After a year of this, I knew I was going to be off track with my personal career plan if I didn’t get the promotion soon. So I decided to look for the job I wanted outside of IBM. I interviewed and received a good offer. However, when I resigned my boss was shocked. Senior management rallied and found a promotion for me within the company. I stayed. The big lesson was goals aren’t good enough by themselves. They need to be time defined to truly drive your behavior.

What are your top tips on building your network and developing financial literacy?

Building a strong network isn’t collecting the most business cards. It’s creating relationships. My approach to building relationships is through giving. There are many ways to give. You can help people, inspire people, or educate people through advice. Now, you need to have people to give to. There are many ways to meet and interact with others. Get involved in areas of interest to you. Local alumni groups, professional organizations, book clubs, church committees, etc., you can also start your own.

When I moved to Silicon Valley, I didn’t have a network. I also didn’t have a lot of free time to pursue many different paths to creating my network. I was a CEO facing a major turnaround effort. So I created my own club by combing what I like to do. I enjoy entertaining, cooking, and wine. So I started a gourmet dinner club. As I encountered interesting people, I’d ask them if they liked to cook. If they did I’d describe the club I was creating and ask if they were interested. We had our first dinner with 12 people 9 months after we moved into our home. That club is now 16 years old with 50 members. It was the core of my initial network.

We don’t talk enough about money and I’m not referring to discussions about salary. I mean how to approach your finances. Research, commissioned by GuideVine — a service matching people with financial advisers — revealed over half of those polled (55 percent) feel lost when it comes to a long-term and stable financial plan. We have to personally educate ourselves with at least the basics: creating a budget, understanding the time value of money and compounding. Why? This understanding will help you make better choices.
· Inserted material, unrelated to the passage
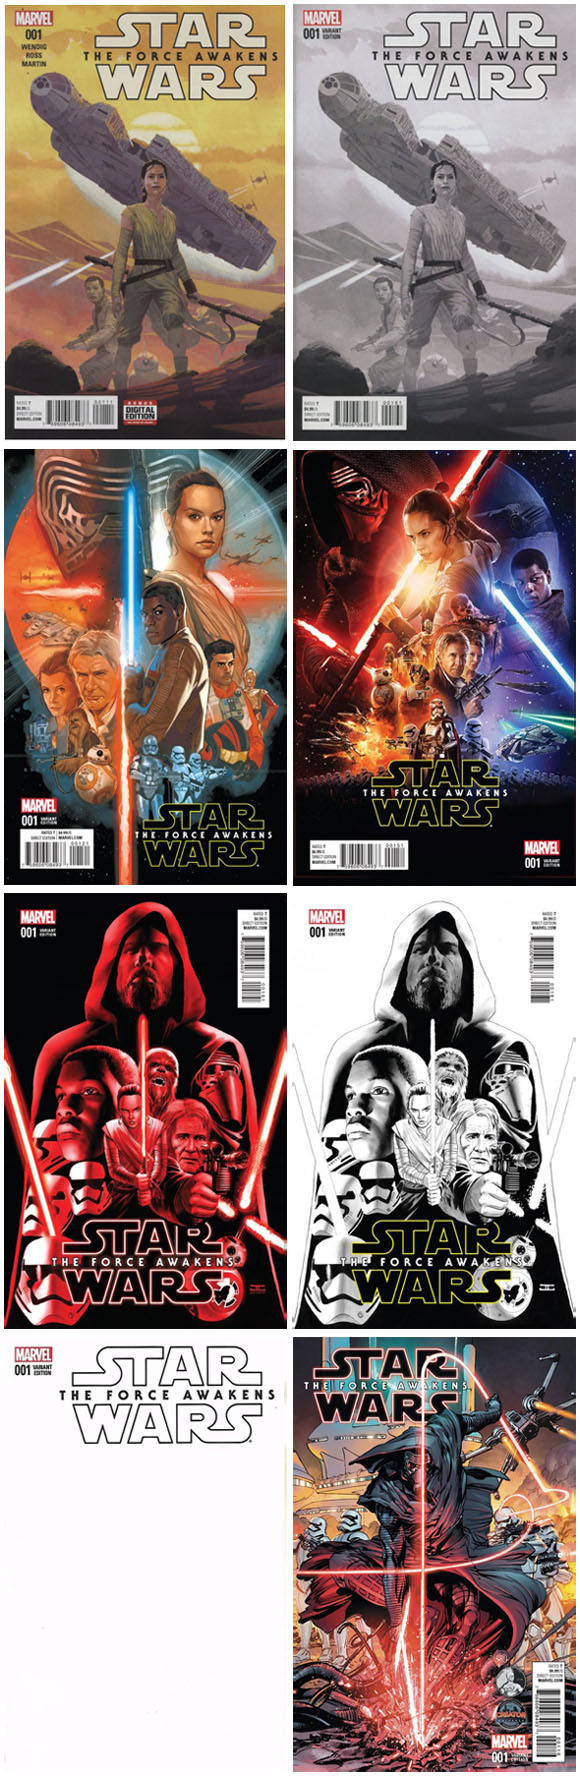 Star Wars: Force Awakens Adaptation #1 The other covers

I’ve always strived to create financial flexibility so that I’d have money for the important things in life. I worked all through college to pay for the portion of my expenses my parents didn’t cover and to build savings for a wedding that I would want one day. My parents helped with college, but let us know that wedding costs were on us. I ended up marrying soon after college graduation and was able to pay for the entire event.